Now, since you want all layers to be in the same CRS, go ahead and look for the same projection of the Blocks layer (remember I told you to look at it on the Layer Properties dialog box?). Look for EPSG:4269, NAD83. You can write EPSG:4269 in the filter box and it will facilitate the search for you. Once you select the proper CRS, click OK and the layer should be projected on top of the Blocks one, like this:
Congratulations, now you have two layers on QGIS! Feel free to explore the new layers attribute table, properties, change the color, and I also recommend that you rename both layers to something more practical, like “Blocks” and “Hydro”. This is a good idea so that you can always easily locate the main layers, as the operations that we will do will multiply the number of layers. To rename a layer, right-click on its name and select the last option in the menu, “rename”. You can also toggle the visibility of layers on/off by clicking on the X to the left of the layer’s name. This may come in handy in the future.
Adding a Raster Layer
Now, let’s get the third layer into play: the raster layer. To open it, we must click on the Add Raster Layer button, right below the Add Vector Layer button. Then, we search for the Elevation folder, and click on hh47elu.dem.gz. When we do, a black square image will appear on the map area:
That raster is a Digital Elevation Map, and the colors reflect altitude: the dark levels are 0, while the white levels are the higher altitudes. Let’s explore the raster layer a bit. I chose to rename mine “Elevation Raster”. In the properties dialog box, we can see in the General tab that the CRS for this raster layer is very different from the other two layers; still, the layer is perfectly aligned with the other two on the map. Why? Because QGIS has an option called On-The-Fly, which aligns all projections to the CRS of the first layer you opened. You can check that On-The-Fly is active by looking at the lower-right area of your QGIS window, where you will see EPSG:4269 (OTF). The OTF means On-The-Fly is active, and it was not active before we opened this new raster layer.
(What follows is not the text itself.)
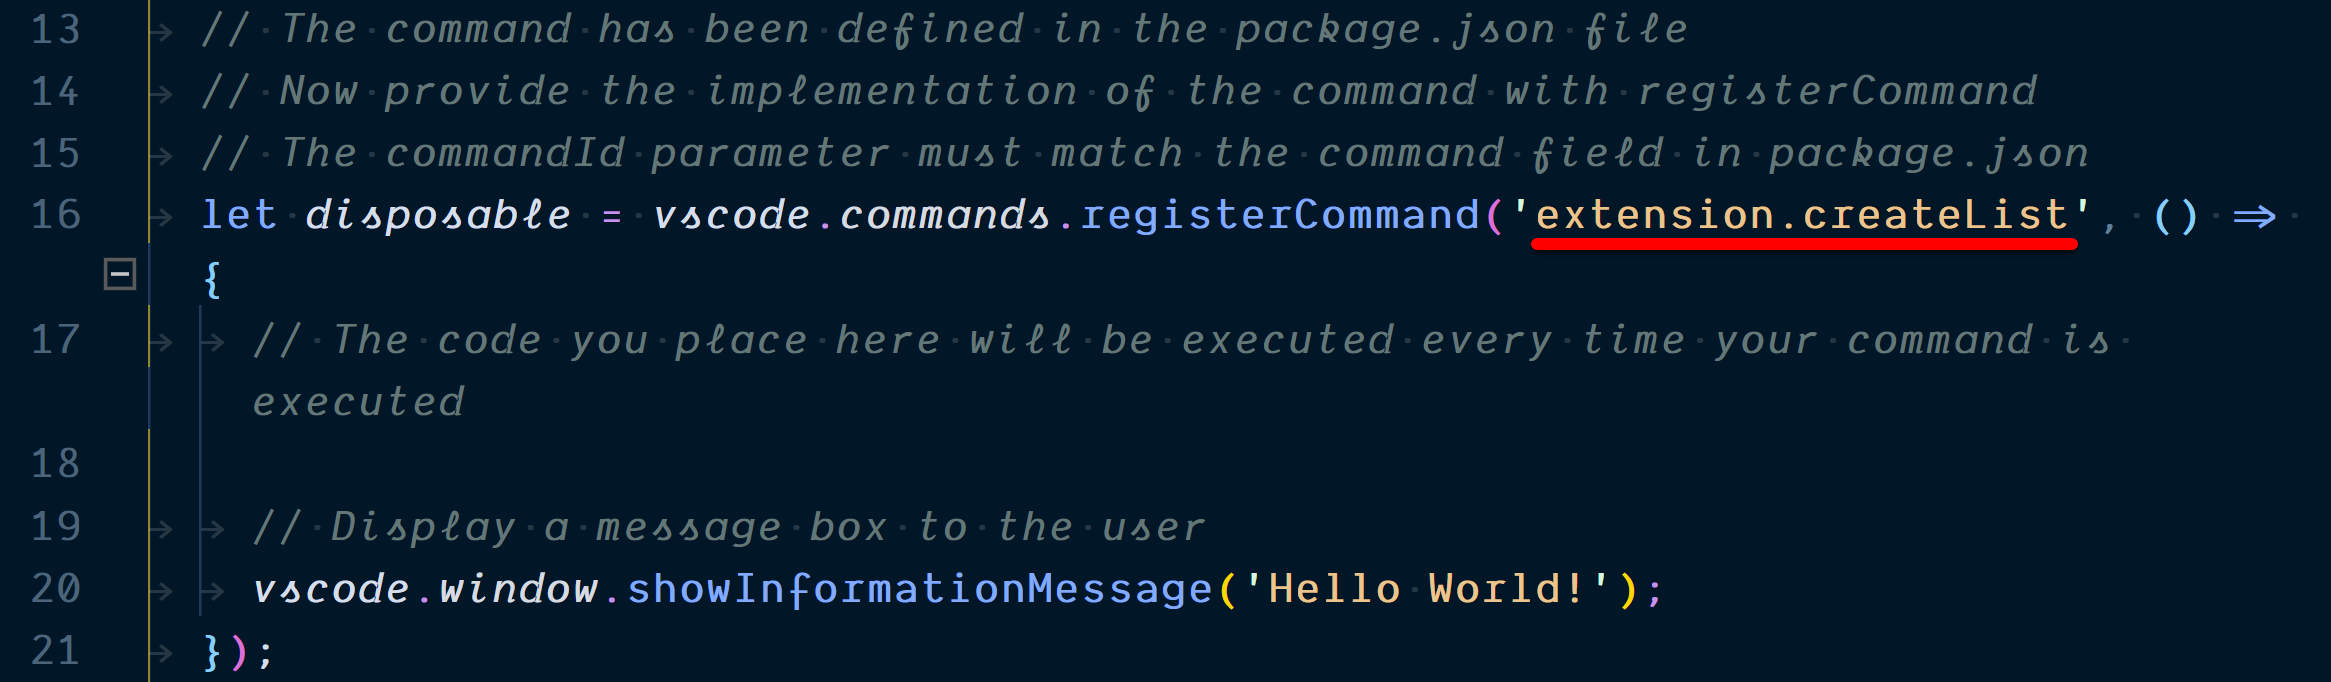 Changing the name of the registered command in code

Creating a New Shapefile Layer
Also note that the square does not cover the whole Manhattan, but just a fraction of it. For practicity’s sake, we will define this square area as our “study area”, so we will disregard anything that is not within this box. To do this, we will create a new layer from scratch, and we will draw a polygon in the shape of the raster layer. To create a new layer, click on the bottom button in the Layers bar, called “New Shapefile Layer” (looks like a V with a small yellow star next to it). Go ahead and click on it. You will get the Create New Shapefile Layer dialog box:
Here, make sure to select “Polygon” as the type. Then, click on the drop-down for the CRS and make sure you choose EPSG:4269, NAT83 as the CRS, instead of the default EPSG:4326, WGS 84. Don’t worry about anything else because this will just be a tool layer that will help us clip the other two layers to the study area. Go ahead and click OK, and QGIS will prompt you to Save the blank layer on your hard drive. Go ahead and do it, and let’s call it Study Area. Study Area will be added to your Layers Panel, but we can’t see anything because it doesn’t have any features yet. Here we only need one feature, and we are going to draw it, tracing a square over the Raster image.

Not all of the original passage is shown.